Myth: More soreness means more growth
Jaw soreness after a session can mean you've stimulated the muscle. It can also mean you've irritated the TMJ or surrounding connective tissue. Unlike your biceps, where DOMS is a pretty benign indicator of training effect, jaw soreness sits close to the joint and nerve-dense structures. Don't chase jaw soreness as a growth signal. Chase progressive overload on the resistance device and improving bite endurance. Soreness that lingers more than 48 hours, or pain that radiates toward your ear or temple, means you've overdone it.

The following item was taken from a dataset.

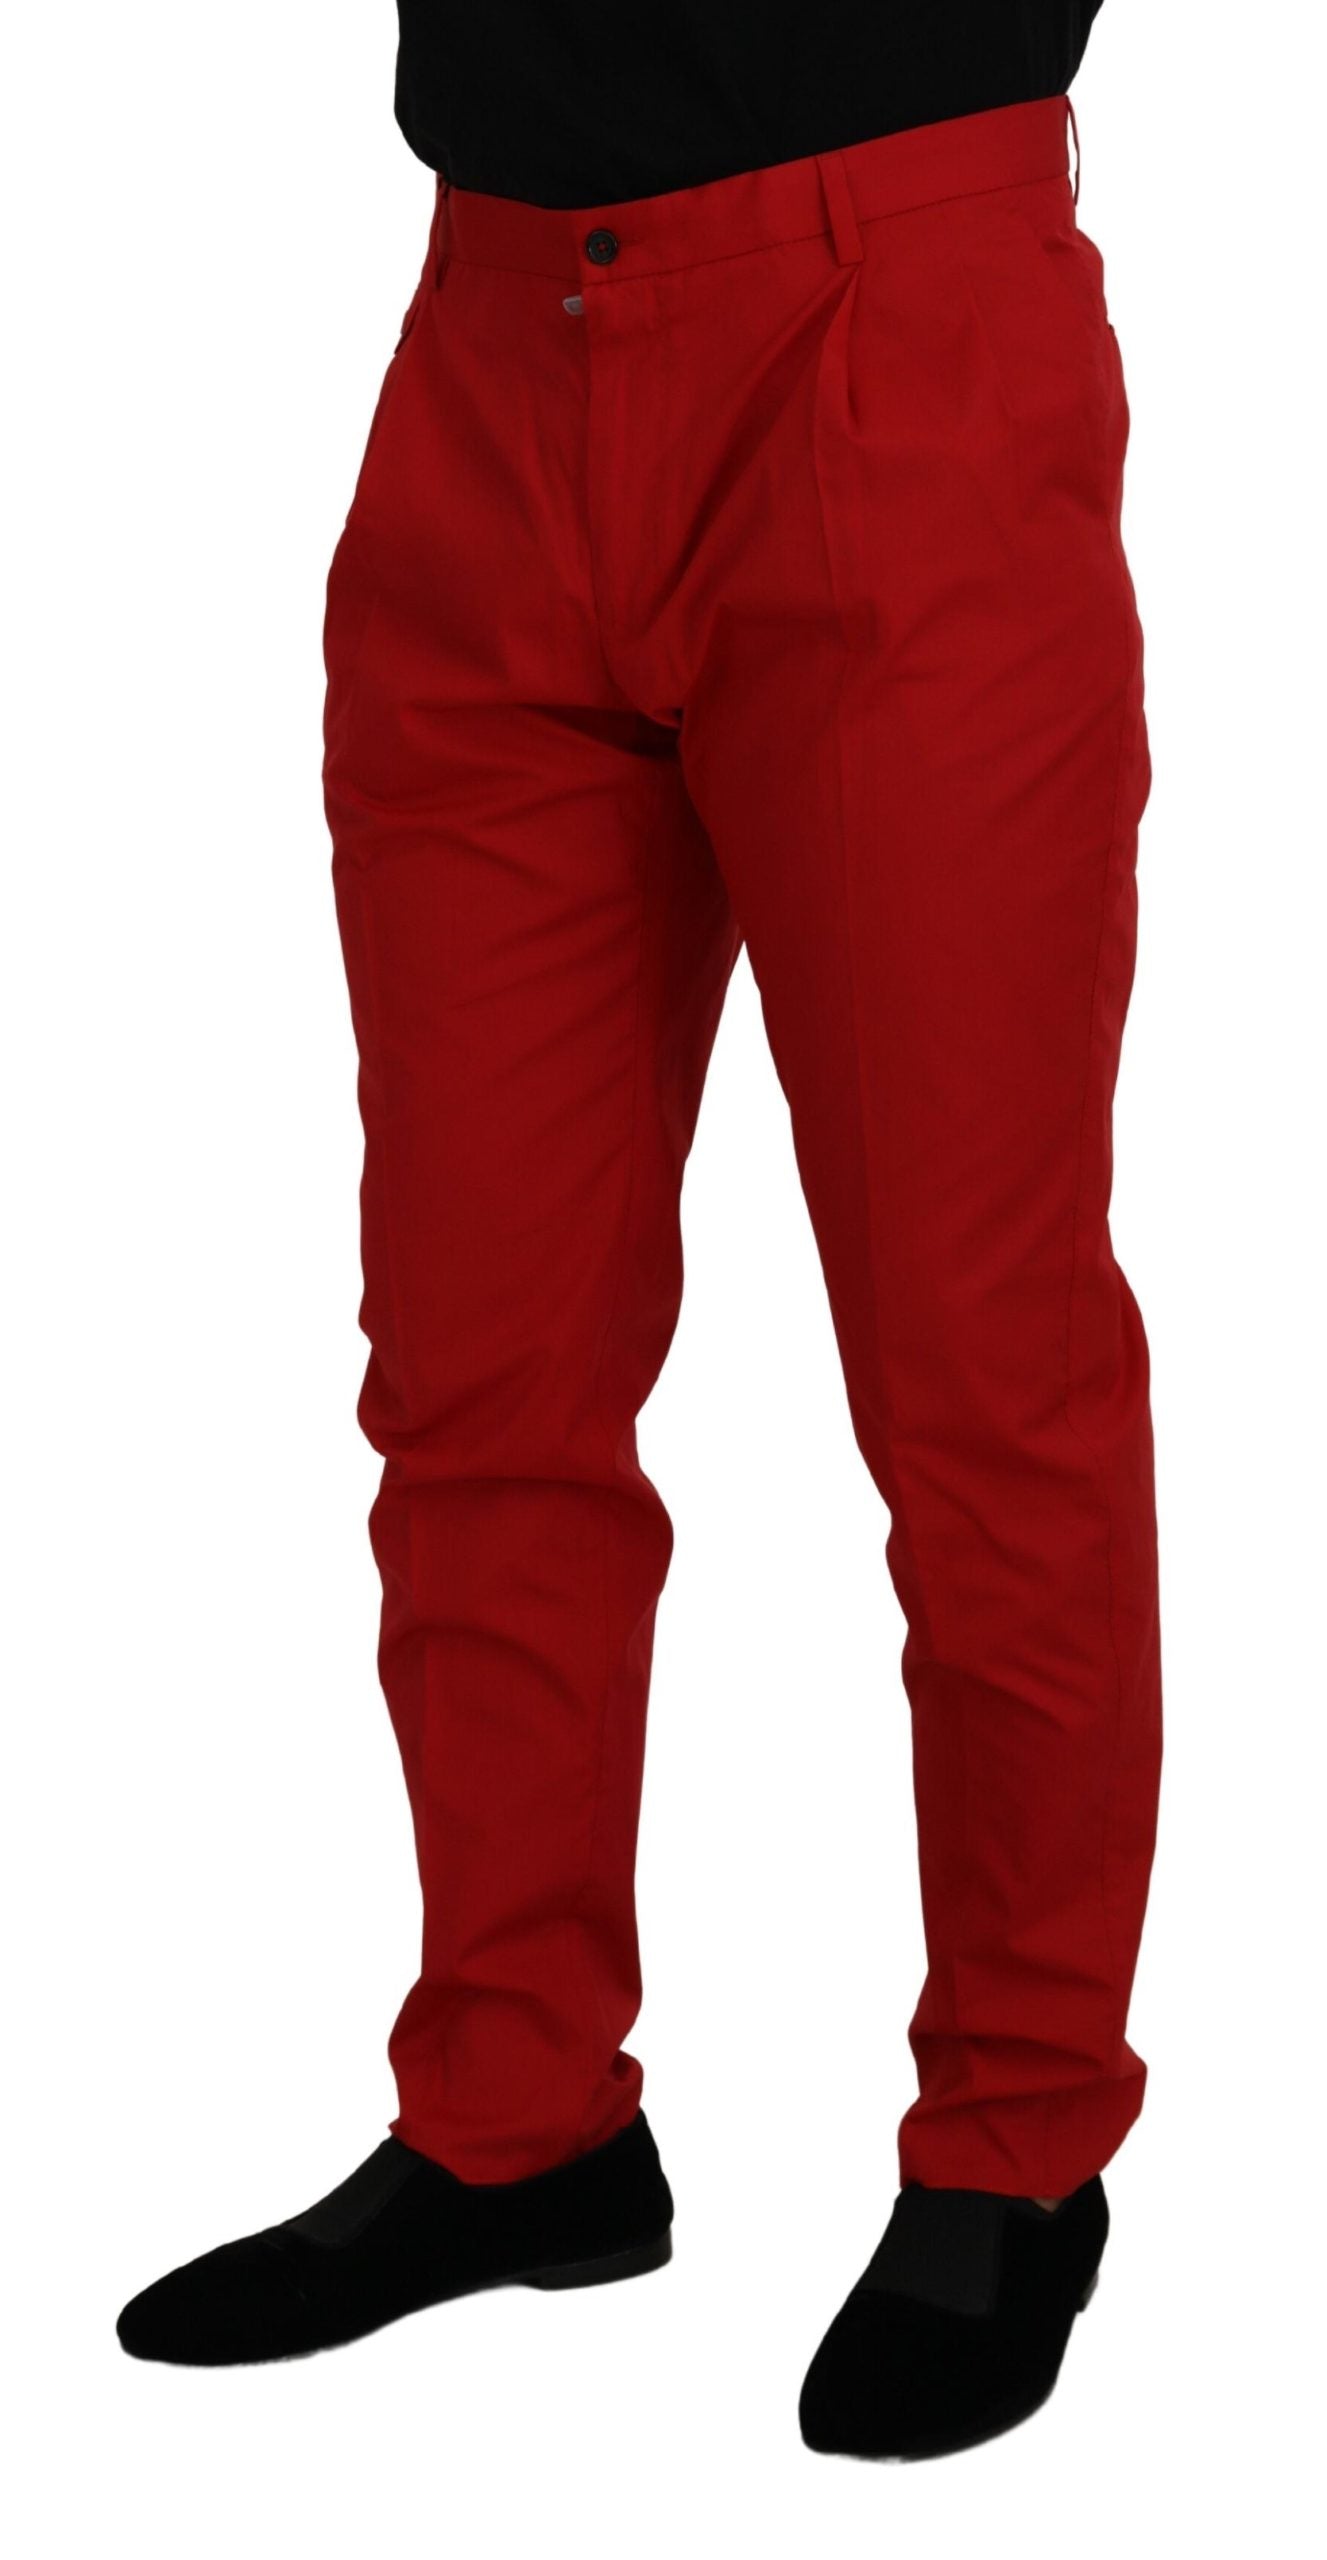 Dolce & Gabbana Red Cotton Slim Fit Trousers Chinos Pants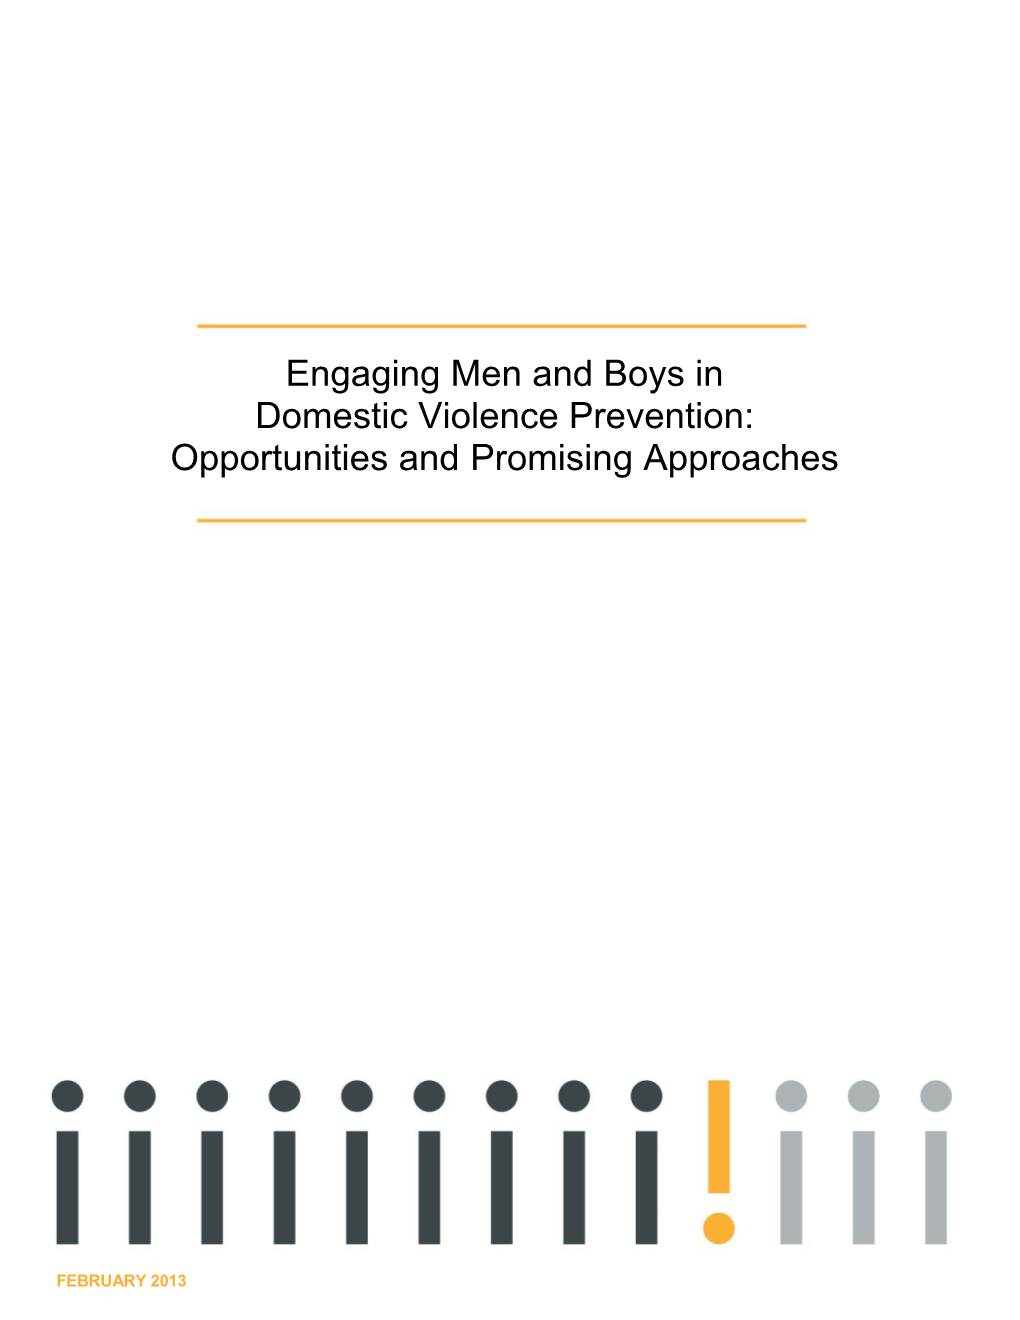 Engaging Men and Boys in Domestic Violence Prevention: Opportunities and Promising Approaches

Myth: Mewing alone will grow your masseter
Tongue posture doesn't load the masseter. Mewing may have benefits related to oral posture and nasal breathing, but it is not a masseter hypertrophy stimulus. Muscles grow in response to mechanical tension and metabolic stress applied to the muscle fibers themselves. Resting tongue position does neither.
Myth: Jaw training is too risky to bother with
The opposite overcorrection also exists. Some people avoid any jaw training because they've read about TMD risks. The reality is that structured, progressive, submaximal jaw resistance training is well-tolerated in healthy adults and has even been used therapeutically for people with TMD. The key is submaximal loading (not biting at 100% of your max every session), adequate recovery, and listening to joint signals. The same logic applies to understanding whether smooth muscle can grow versus skeletal muscle: the mechanisms and risks are completely different, and conflating them leads to poor decisions either way.
Your practical starting plan
Week 1–4: 3 days per week, 2–3 sets of 10–15 reps with a jaw resistance device at light-to-moderate resistance. Add 1–2 sets of bilateral hard-texture food chewing at meals. Assess bite symmetry at the end of week 4.
Week 5–12: Increase to 4–5 days per week, 3–4 sets per session, progressively increase resistance when the top of your rep range feels easy. Add unilateral correction sets if symmetry assessment revealed imbalance. Continue protein targets (0.7–1 g/lb/day) and prioritize 7–9 hours of sleep.
Week 12+: By this point you should have measurable improvements in bite force, likely some visible change in masseter fullness, and a clear sense of how your jaw recovers. Continue progressive overload. If you've plateaued, add volume before adding intensity, and reassess nutrition and sleep first before assuming the training approach is the problem.